One of the nice things about VAEs is that they are generative models. Thus, we can generate new examples or fantasy particles much like we did for RBMs and DBMs. We will generate the particles in two different ways

  • Sampling uniformally in the latent space
  • Sampling accounting for the fact that the latent space is Gaussian so that we expect most of the data points to be centered around (0,0) and fall off exponentially in all directions. This is done by transforming the uniform grid using the inverse Cumulative Distribution Function (CDF) for the Gaussian.
In [7]:
# display a 2D manifold of the images
n = 5  # figure with 15x15 images
quantile_min = 0.01
quantile_max = 0.99

# Linear Sampling
# we will sample n points within [-15, 15] standard deviations
z1_u = np.linspace(5, -5, n)
z2_u = np.linspace(5, -5, n)
z_grid = np.dstack(np.meshgrid(z1_u, z2_u))

x_pred_grid = decoder.predict(z_grid.reshape(n*n, latent_dim)) \
                     .reshape(n, n, img_rows, img_cols)

# Plot figure
fig, ax = plt.subplots(figsize=golden_size(10))

ax.imshow(np.block(list(map(list, x_pred_grid))), cmap='gray')

ax.set_xticks(np.arange(0, n*img_rows, img_rows) + .5 * img_rows)
ax.set_xticklabels(map('{:.2f}'.format, z1_u), rotation=90)

ax.set_yticks(np.arange(0, n*img_cols, img_cols) + .5 * img_cols)
ax.set_yticklabels(map('{:.2f}'.format, z2_u))



# Inverse CDF sampling
z1 = norm.ppf(np.linspace(quantile_min, quantile_max, n))
z2 = norm.ppf(np.linspace(quantile_max, quantile_min, n))
z_grid2 = np.dstack(np.meshgrid(z1, z2))

x_pred_grid2 = decoder.predict(z_grid2.reshape(n*n, latent_dim)) \
                     .reshape(n, n, img_rows, img_cols)

# Plot figure Inverse CDF sampling
fig, ax = plt.subplots(figsize=golden_size(10))

ax.imshow(np.block(list(map(list, x_pred_grid2))), cmap='gray')

ax.set_xticks(np.arange(0, n*img_rows, img_rows) + .5 * img_rows)
ax.set_xticklabels(map('{:.2f}'.format, z1), rotation=90)

ax.set_yticks(np.arange(0, n*img_cols, img_cols) + .5 * img_cols)
ax.set_yticklabels(map('{:.2f}'.format, z2))

ax.set_title('Inverse CDF')


  • Play with the standard deviation of the latent variables $\epsilon$. How does this effect your results?
  • Generate samples as you increase the number of latent dimensions.
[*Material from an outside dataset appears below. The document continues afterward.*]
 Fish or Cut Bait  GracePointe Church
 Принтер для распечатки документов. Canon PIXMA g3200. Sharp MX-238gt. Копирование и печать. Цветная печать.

Do your generated samples look better? Visualize the latent variables using a dimensional reduction technique such as PCA or t-SNE. How does it compare to the case with two latent dimensions showed above?
  • Repeat this analysis with the supersymmetry dataset? Are the supersymmetric and non-supersymmetric examples separated in the latent dimensions?